*** Opening of SUPPLIED INFORMATION ***

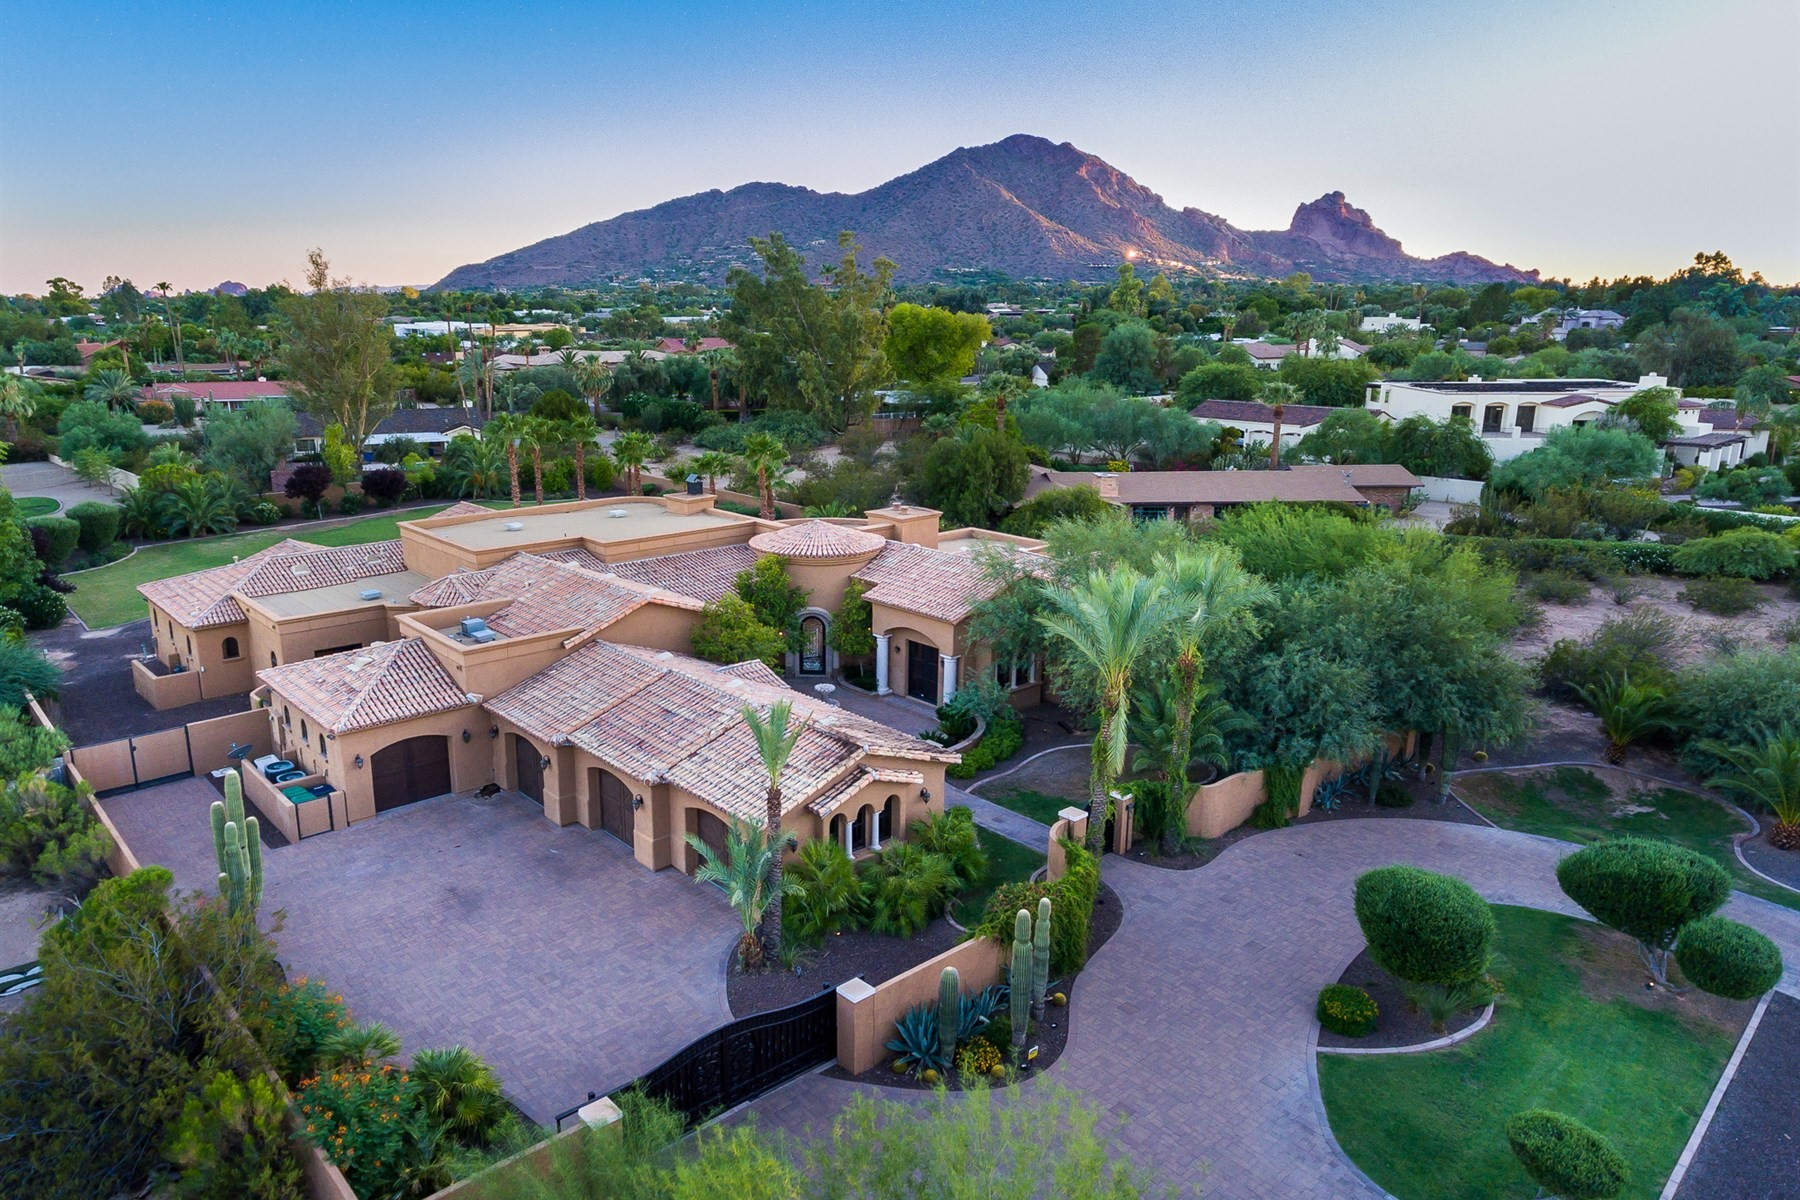 獨棟家庭住宅 為 出售 在 Lovely Paradise Valley home overlooking Camelback Mountain 6720 E Ocotillo Rd Paradise Valley, 亞利桑那州, 85253 美國
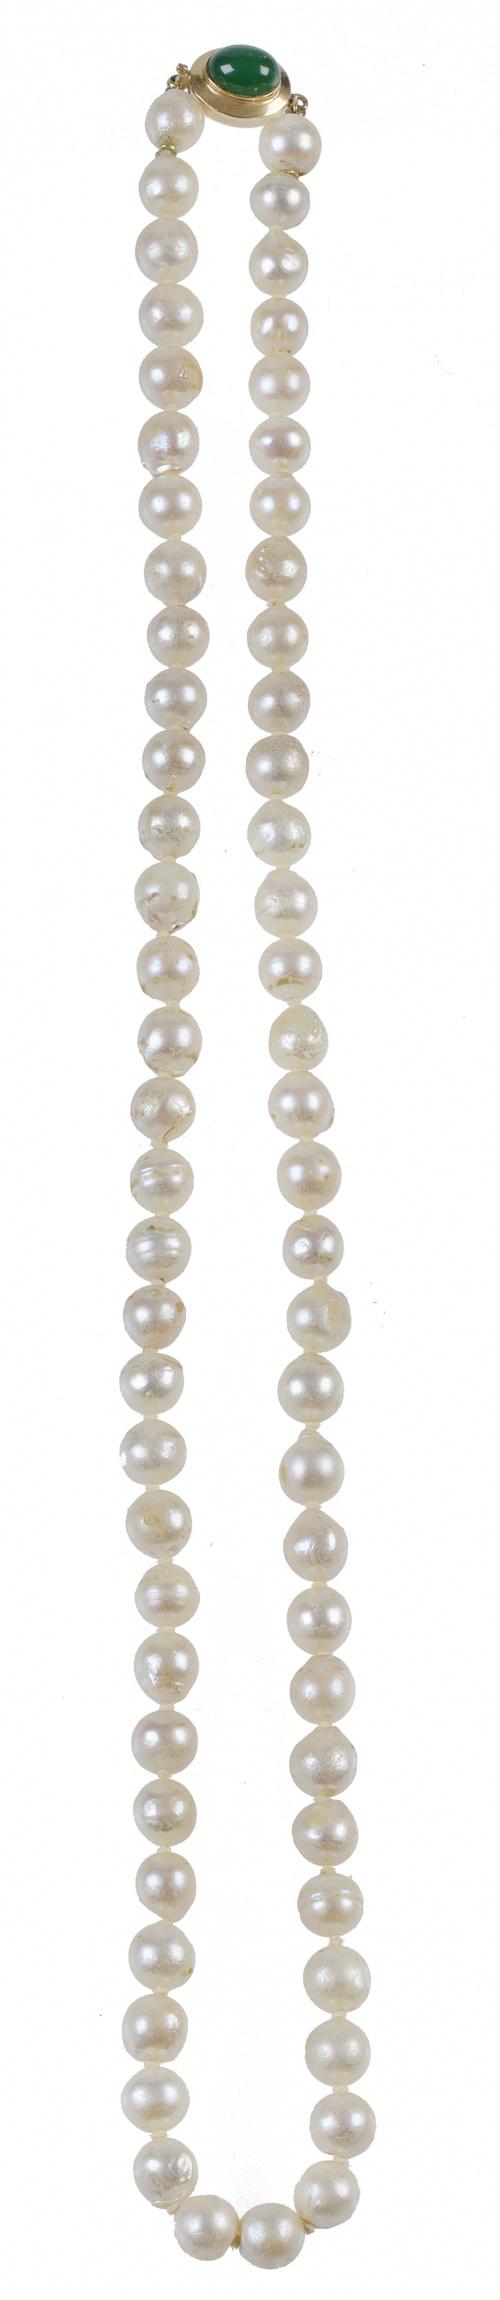 Collar de un hilo de perlas cultivadas de 8 mm de diámetro
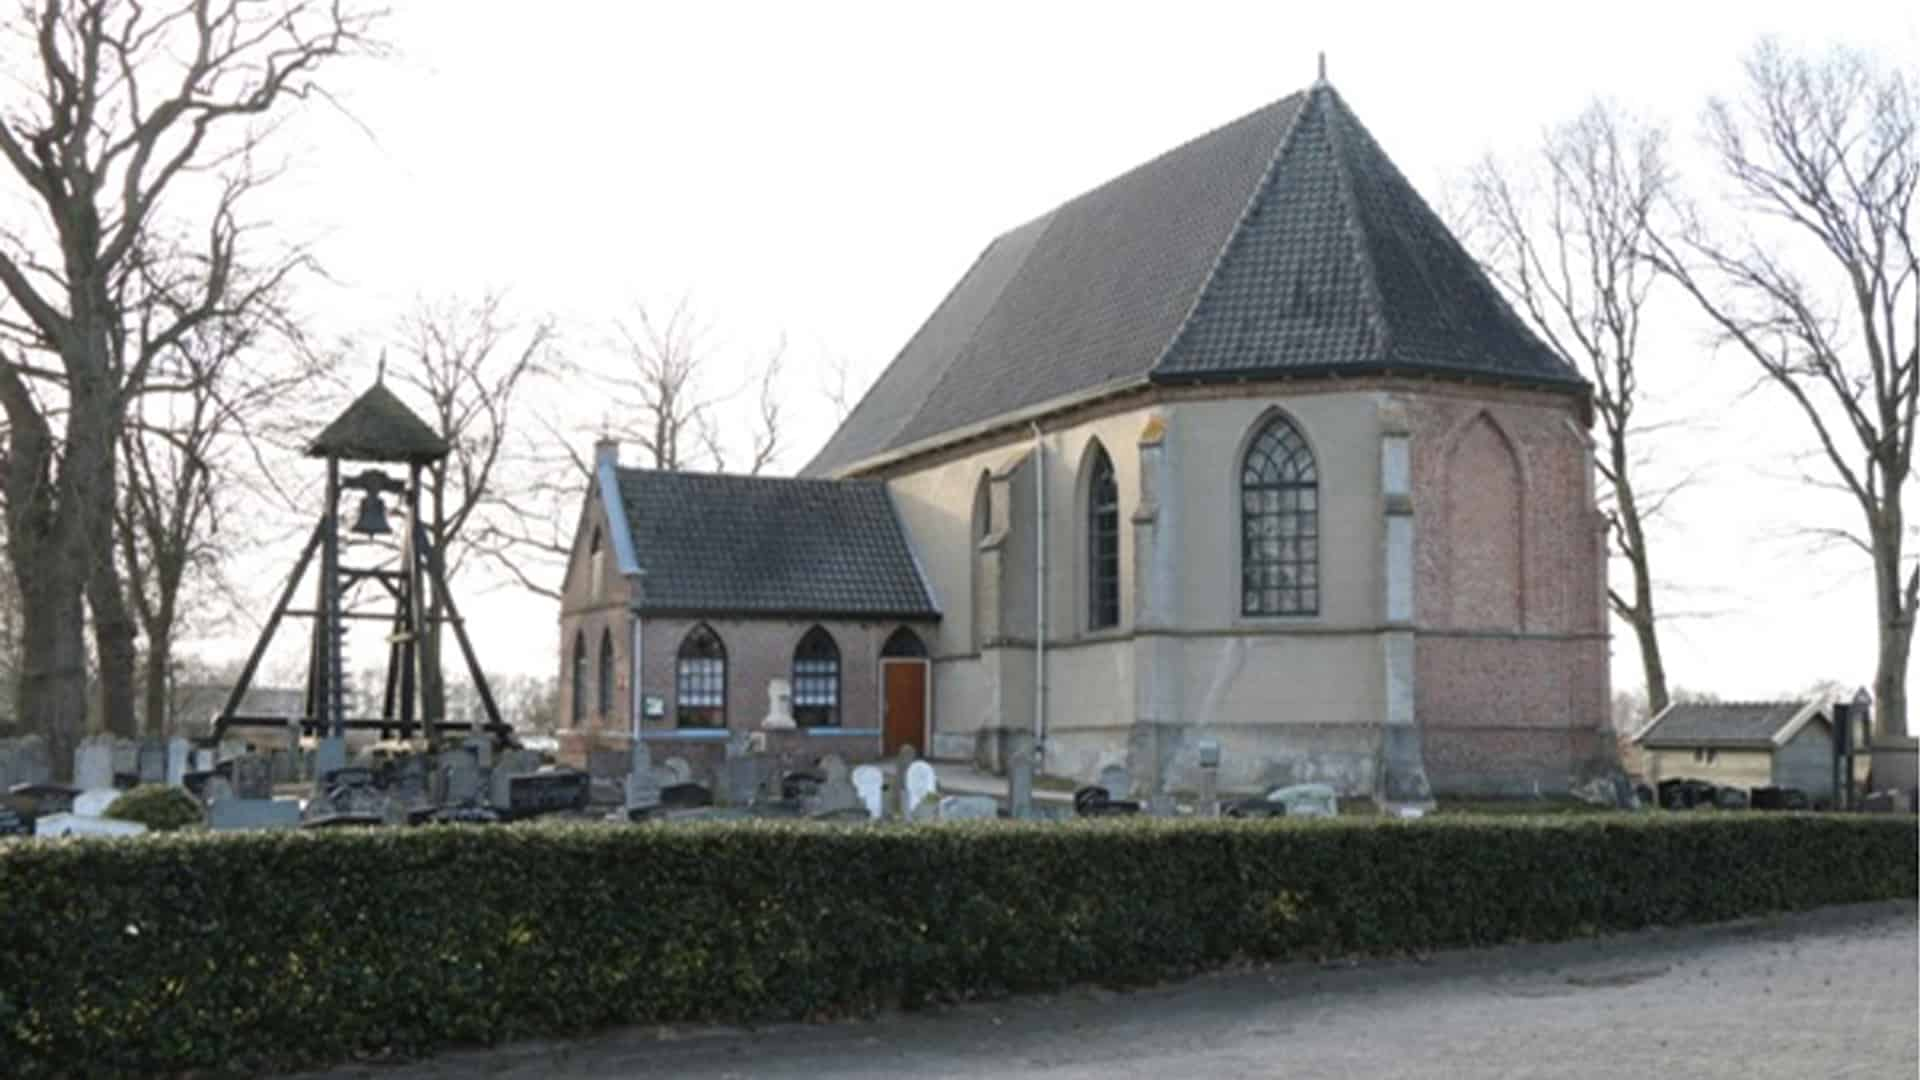 Kerk-Wanneperveen-21

*** Close of SUPPLIED INFORMATION ***

> [TASK REQUIREMENTS]: Word for word, reproduce the material above and omit each image.

> [OUTPUT]:
 獨棟家庭住宅 為 出售 在 Lovely Paradise Valley home overlooking Camelback Mountain 6720 E Ocotillo Rd Paradise Valley, 亞利桑那州, 85253 美國
 Collar de un hilo de perlas cultivadas de 8 mm de diámetro
 Kerk-Wanneperveen-21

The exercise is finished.